USC gets Native American Culture Club

One of the newest cultural clubs on campus offers a chance to celebrate culture in a unique way: through powwows and rituals.

The new Native American Culture Club was created this semester to fill what some saw as a void on campus.

Rev. Jim Burklo, associate dean of Religious Life, sparked the club’s creation. While working at Stanford University in a religious office, Burklo said he often observed students frequenting the Native American Studies office, admiring the active cultural center for Native Americans at the school.

At USC, Burklo said, he saw an “empty place in the club offerings,” and decided to help found a Native American Cultural Club on campus.

“Native American culture can be a useful model for the role of spirituality in life,” Burklo said. “Americans tend to think of religion as a set of beliefs, whereas Native Americans weave culture and religion together.
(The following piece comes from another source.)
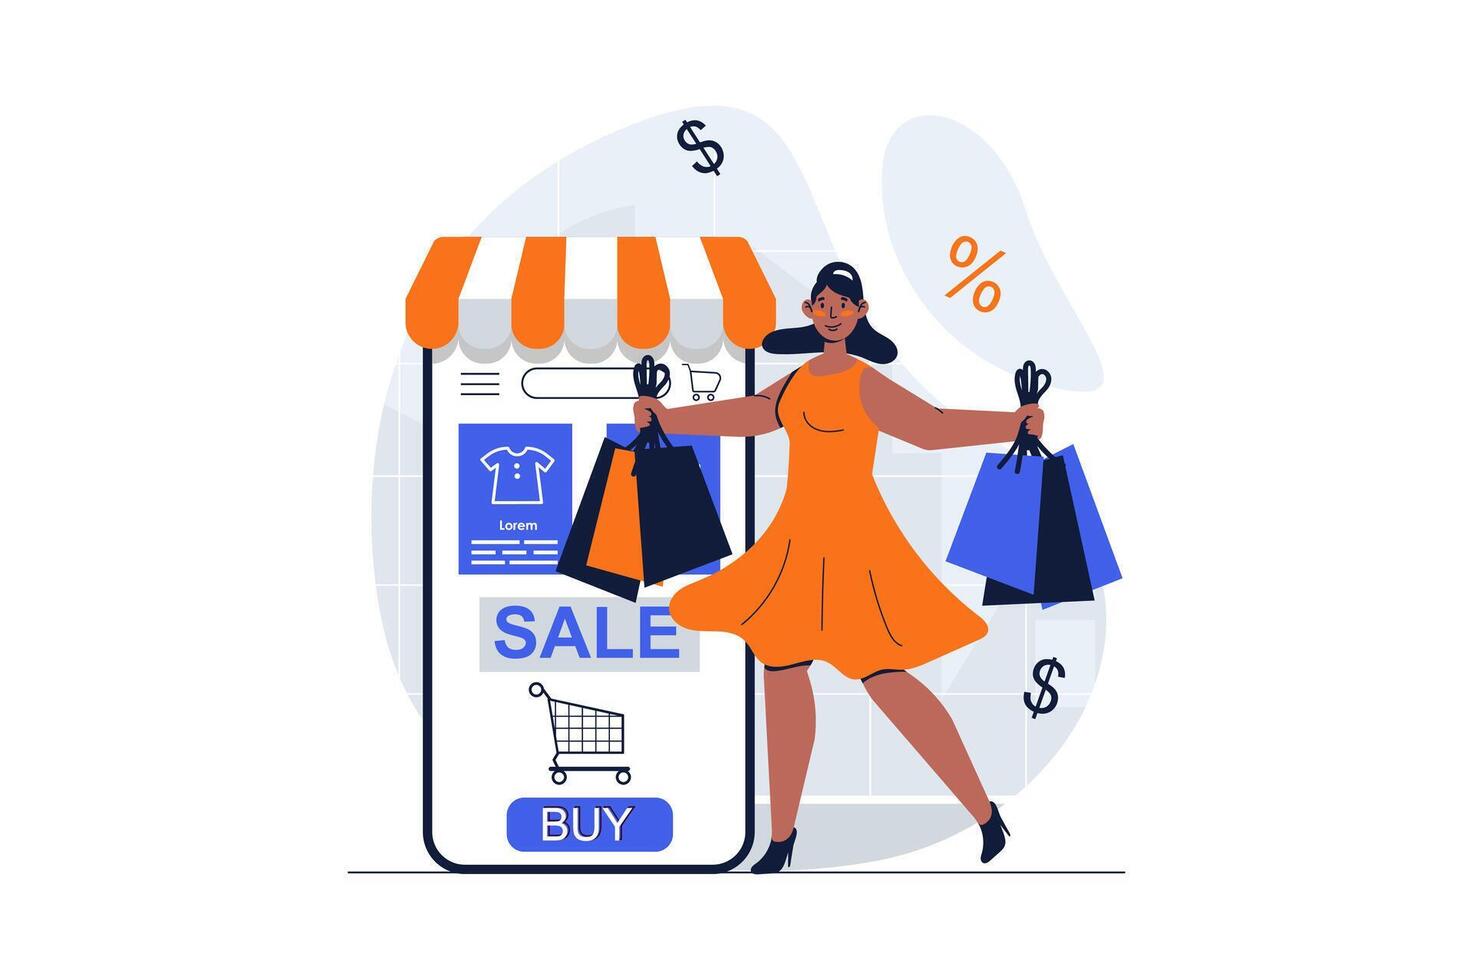 Shopping web concept with character scene. Woman making purchases and ordering online in mobile application. People situation in flat design. Vector illustration for social media marketing material.

It is

something that all religions can learn from.”

At the start of the semester, Burklo approached Antonia Blumberg, a sophomore anthropology major who works in the Office of Religious Life, and enlisted her to help with starting up the club.

Blumberg said the club is intended for students of Native American ancestry as well as those, like herself, who simply have an interest in native cultures and traditions.

She said the club focuses on Native American spirituality and rituals.

“We want to celebrate native ancestry with powwows, sun dances and visiting healers and chiefs,” Blumberg said.

To keep a religious focus, the club emphasizes animistic spirituality at its events. Many tribes share a common belief that spirits are present in all earthly objects including rocks, trees and animals, Blumberg said.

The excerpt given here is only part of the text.